Blacha nie miał pojęcia jak się z tego wszystkiego wygrzebie. W dodatku grał na dwa fronty - jak długo tak jeszcze można, zanim wszystko się wykryje?
Błysnęły reflektory nadjeżdżającego z naprzeciwka samochodu. Blacha z daleka rozpoznał tego rzęcha Sikory. Nie mógł wyjść z podziwu, że to jeszcze w ogóle jeździ. Ale co się dziwić, z pieskiej pensji na nic lepszego nie starcza.
Policjant zaparkował w pobliżu i przesiadł się do Mercedesa. Musiał zauważyć, że Blacha jakoś nie był w najlepszym nastroju.
- Co ty taki nerwowy jesteś? - zapytał.
- No chyba mam, kurwa, powód, co? - warknął Blacha, oderwany od swoich optymistycznych przemyśleń.
Sikora przyjął to spokojnie. Wiedział, że Blacha to straszny choleryk i nie należy brać do siebie jego nagłych wybuchów. Kiedy tylko się trochę opanował, przepraszał.
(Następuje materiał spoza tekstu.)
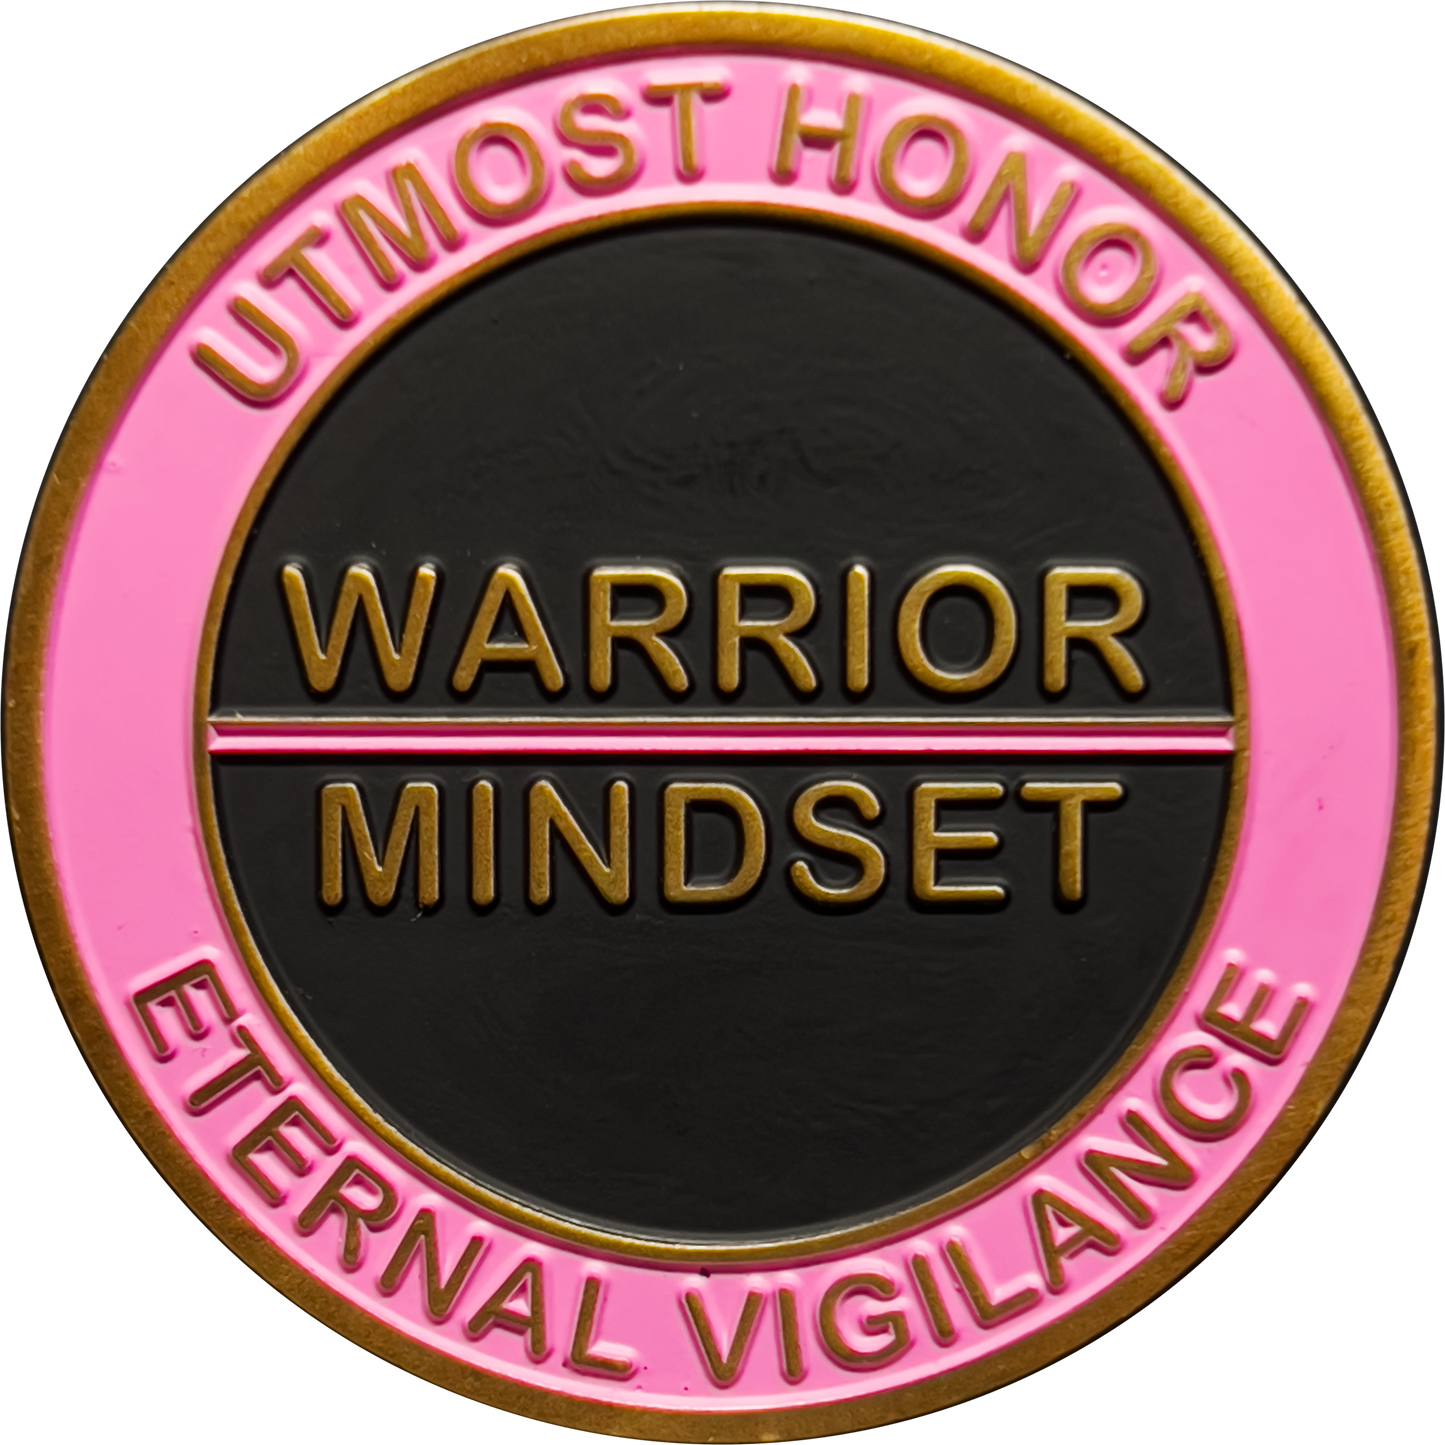 GL8-007 Warrior Mindset Challenge Coin Thin Pink Line Breast Cancer Awareness Survivor Police LAPD NYPD FBI ATF CBP

- Sory - mruknął. - Po prostu... A zresztą, sam zobacz - Blacha sięgnął po gazetę, która leżała na desce rozdzielczej Mercedesa i podał ją Sikorze. Na tytułowej stronie „Raportu Codziennego” - popularnego, ogólnokrajowego szmatławca - widniało wielkimi literami: „Kto zabił Skalpela?”. Pod nagłówkiem znajdowały się trochę niewyraźne, niebyt umiejętnie powiększone zdjęcia Blachy i Skalpela, a wszystko to okraszone kilkoma chwytliwymi sloganami, zapowiadającymi treść artykułu numeru, w tym: „Tak kończy się przyjaźń w mafii - najbliższy przyjaciel zleca zabójstwo”. Nie ma co, ktoś ostro pojechał, stwierdził Sikora, pobieżnie przeglądając artykuł.
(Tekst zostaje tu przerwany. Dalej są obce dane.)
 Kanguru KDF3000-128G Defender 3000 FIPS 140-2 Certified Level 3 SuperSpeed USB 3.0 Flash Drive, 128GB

Blacha powinien jakoś odreagować - przemknęło mu przez myśl. Jeszcze zacznie strzelać do ludzi. Nagle coś przyszło mu do głowy.
- Grałeś kiedyś w darta? - zapytał, składając gazetę.
- W co? - zdziwił się Blacha.
- Tu niedaleko jest taki pub... Nikt z naszych tam nie chodzi.
- No i?
- Co ty na to, żebyśmy się tam przenieśli? - zaproponował Sikora.
Blacha, po krótkim namyśle stwierdził, że nie ma nic przeciwko. Tak się to wszystko ostatnio pokręciło, że wolał pić w towarzystwie Sikory, niż swoich z Pruszkowa.
A poza tym... zaintrygował go ten dart.